[Problem to solve] Give again, word for word, the line holding "Riyogems 1 Stück" and every line after it through the end of the data below. Omit pictures.

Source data
——

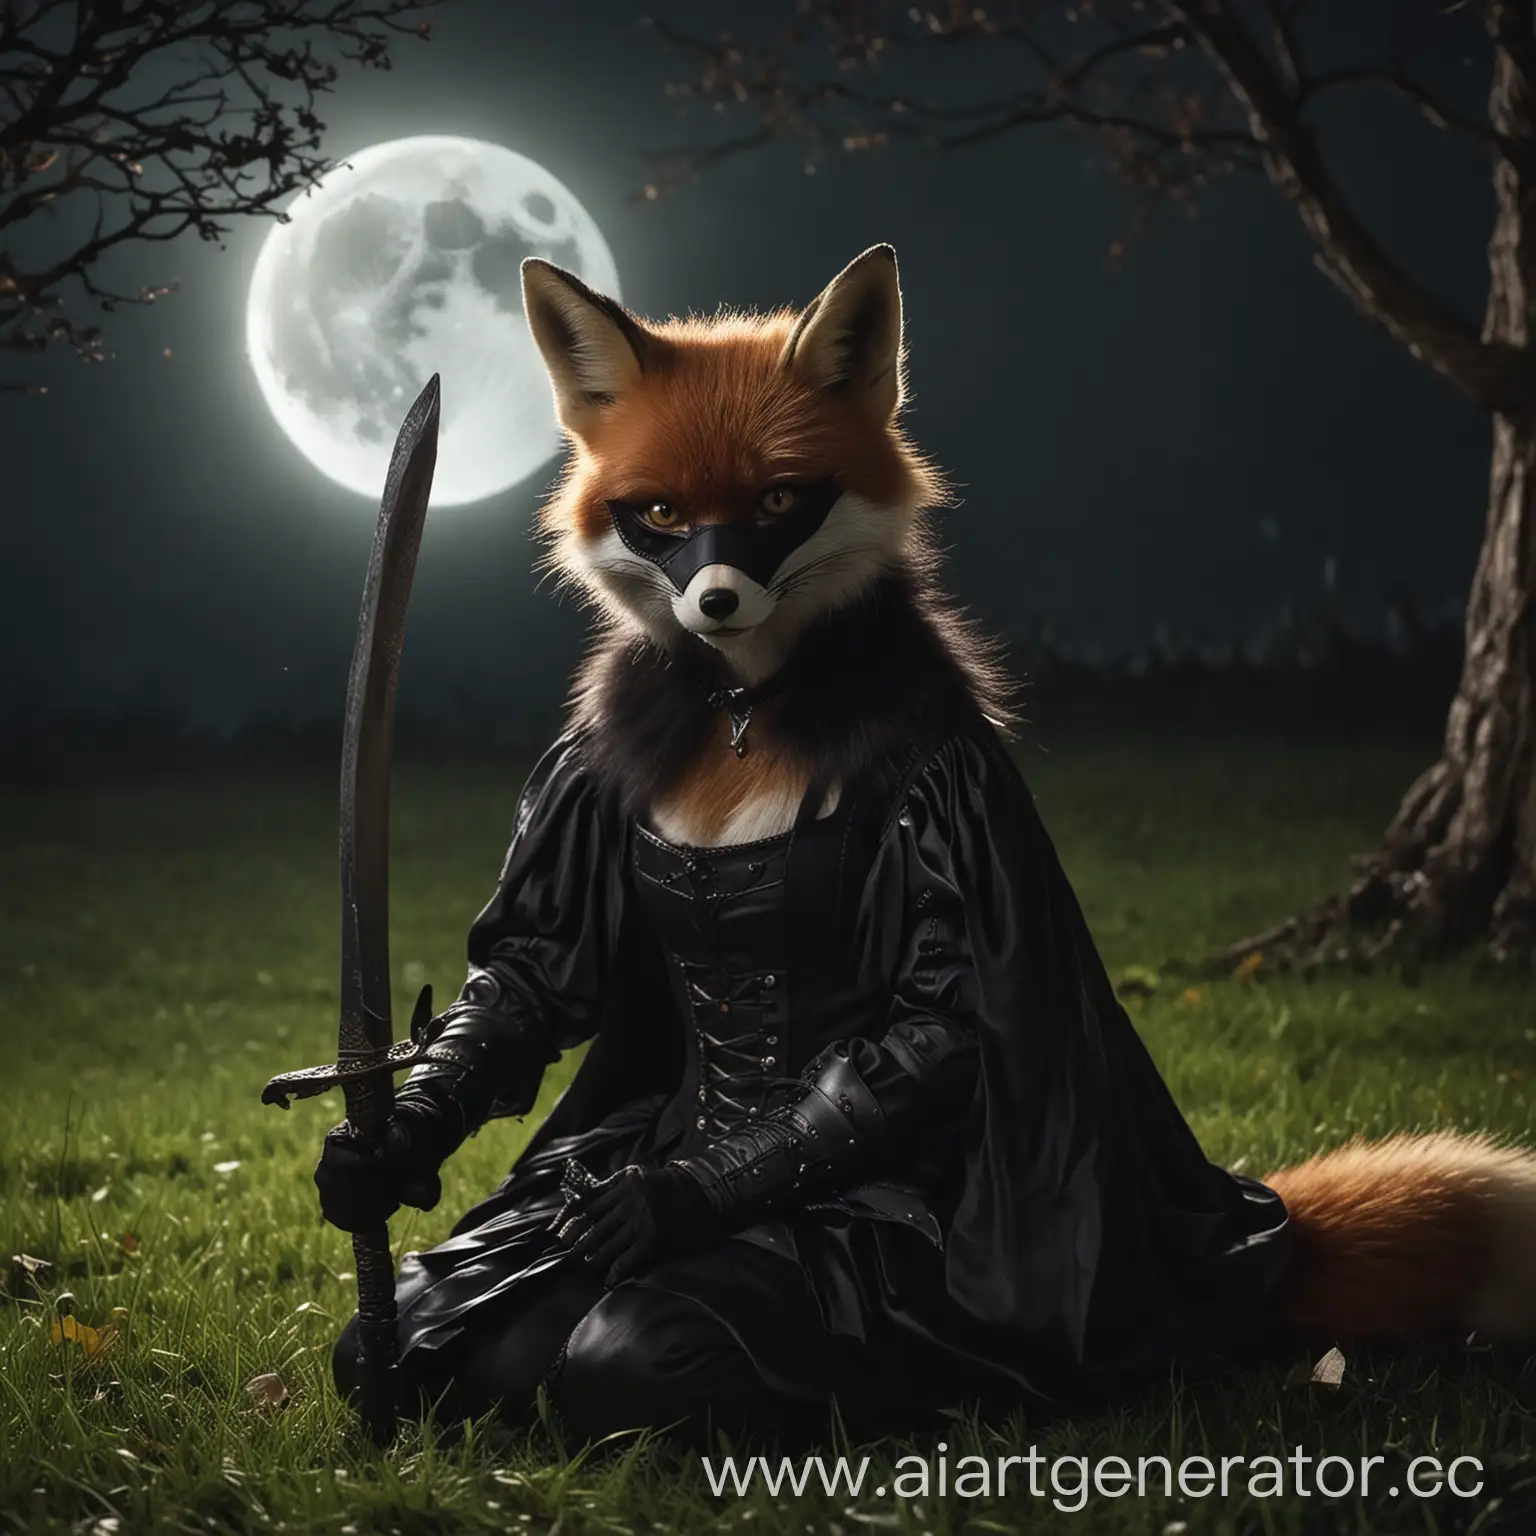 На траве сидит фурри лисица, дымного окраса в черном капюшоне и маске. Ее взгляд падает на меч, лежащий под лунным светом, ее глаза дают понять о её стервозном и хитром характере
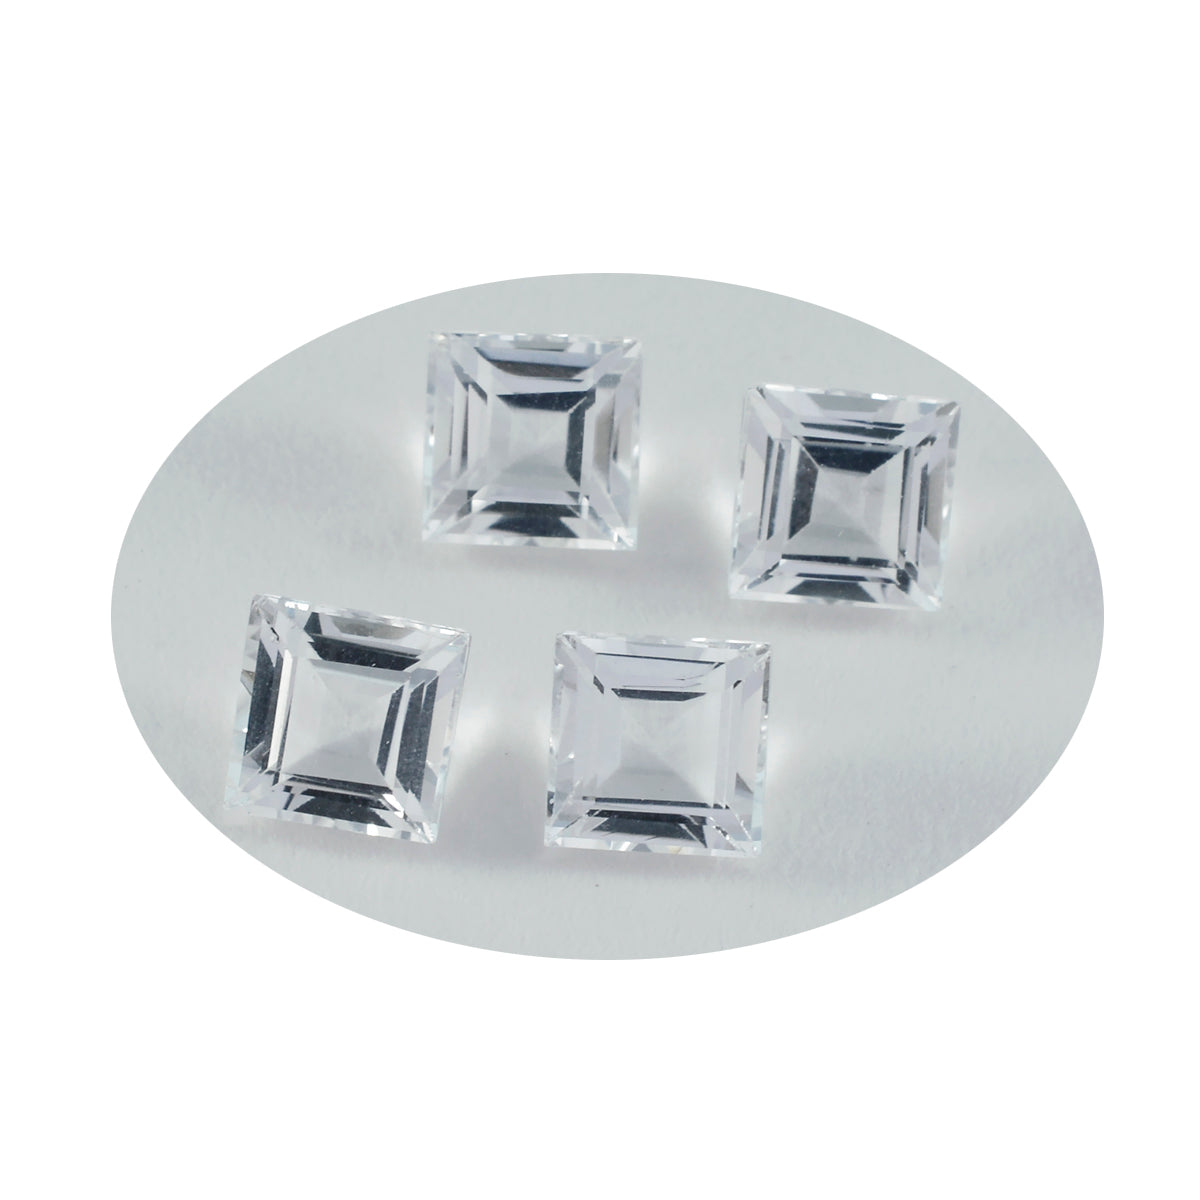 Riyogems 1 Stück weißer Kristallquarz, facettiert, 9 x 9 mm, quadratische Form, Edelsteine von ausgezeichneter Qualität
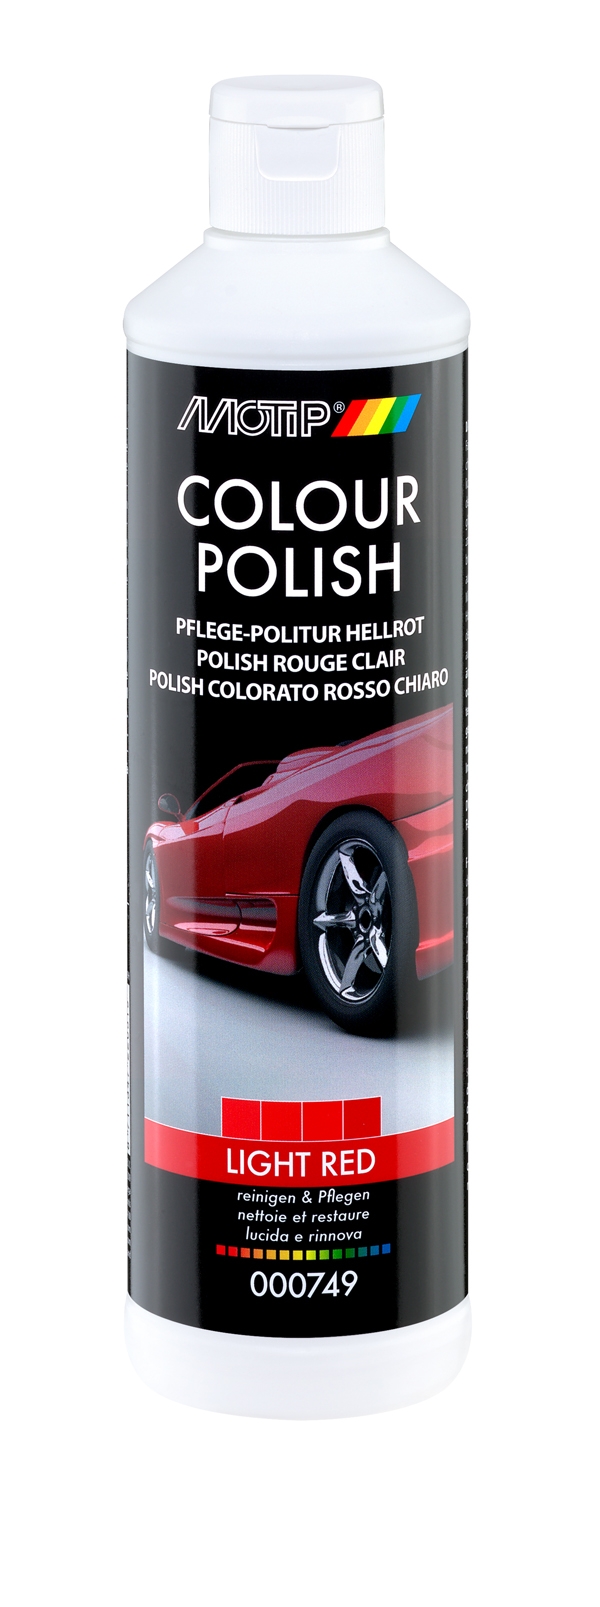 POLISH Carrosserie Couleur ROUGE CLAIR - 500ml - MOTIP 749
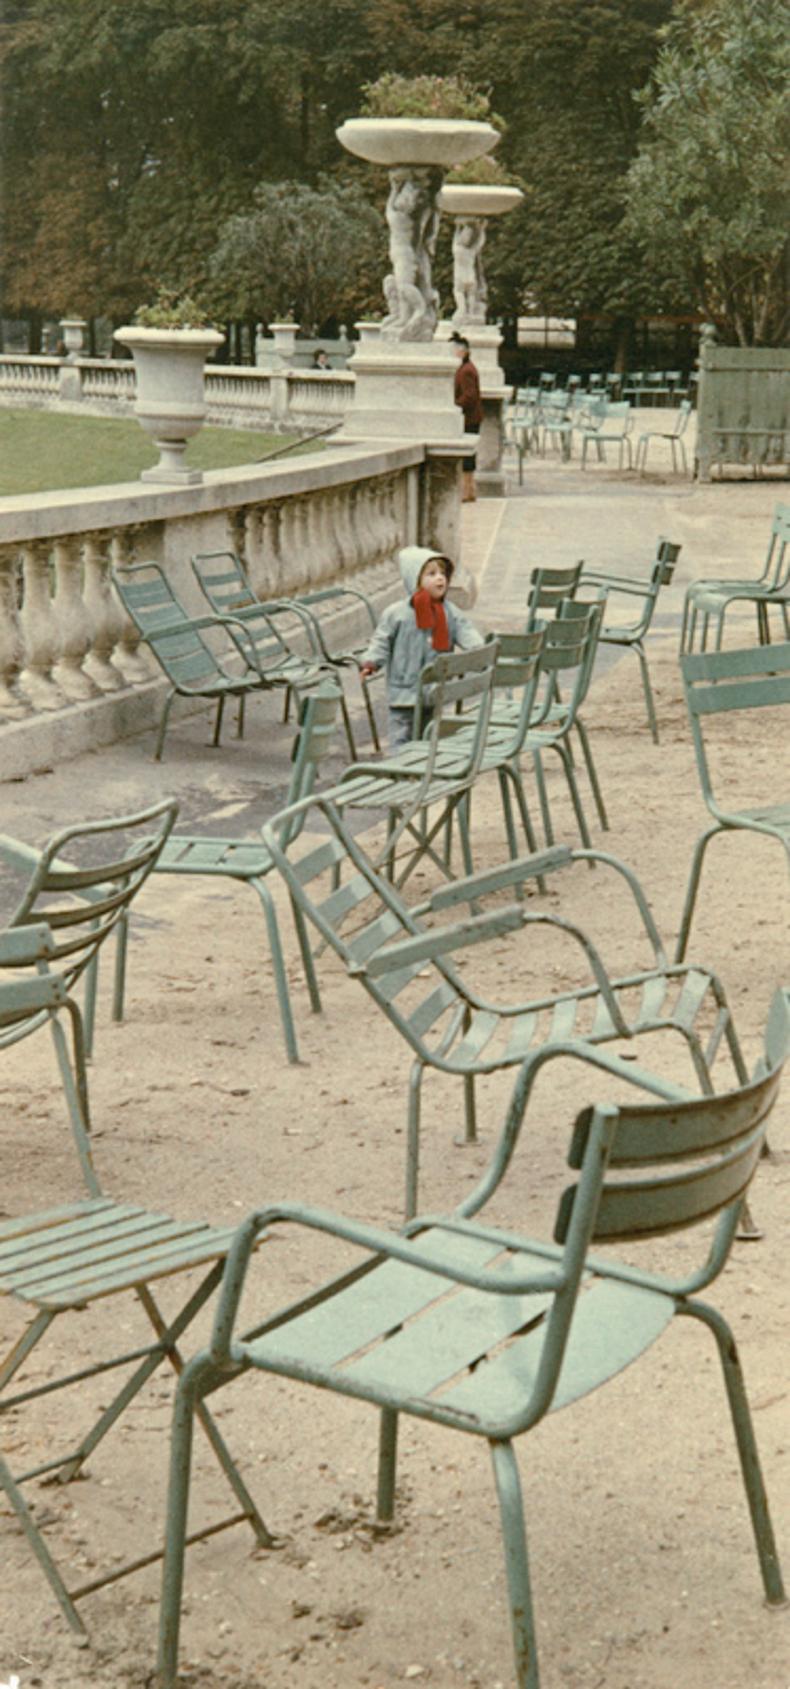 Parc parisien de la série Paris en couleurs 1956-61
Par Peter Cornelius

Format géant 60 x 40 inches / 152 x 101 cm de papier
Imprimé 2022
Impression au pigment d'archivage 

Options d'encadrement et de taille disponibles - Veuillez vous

——

[Output for this exercise]
 Riyogems 1 Stück weißer Kristallquarz, facettiert, 9 x 9 mm, quadratische Form, Edelsteine von ausgezeichneter Qualität
 POLISH Carrosserie Couleur ROUGE CLAIR - 500ml - MOTIP 749
 Parc parisien de la série Paris en couleurs 1956-61
Par Peter Cornelius

Format géant 60 x 40 inches / 152 x 101 cm de papier
Imprimé 2022
Impression au pigment d'archivage 

Options d'encadrement et de taille disponibles - Veuillez vous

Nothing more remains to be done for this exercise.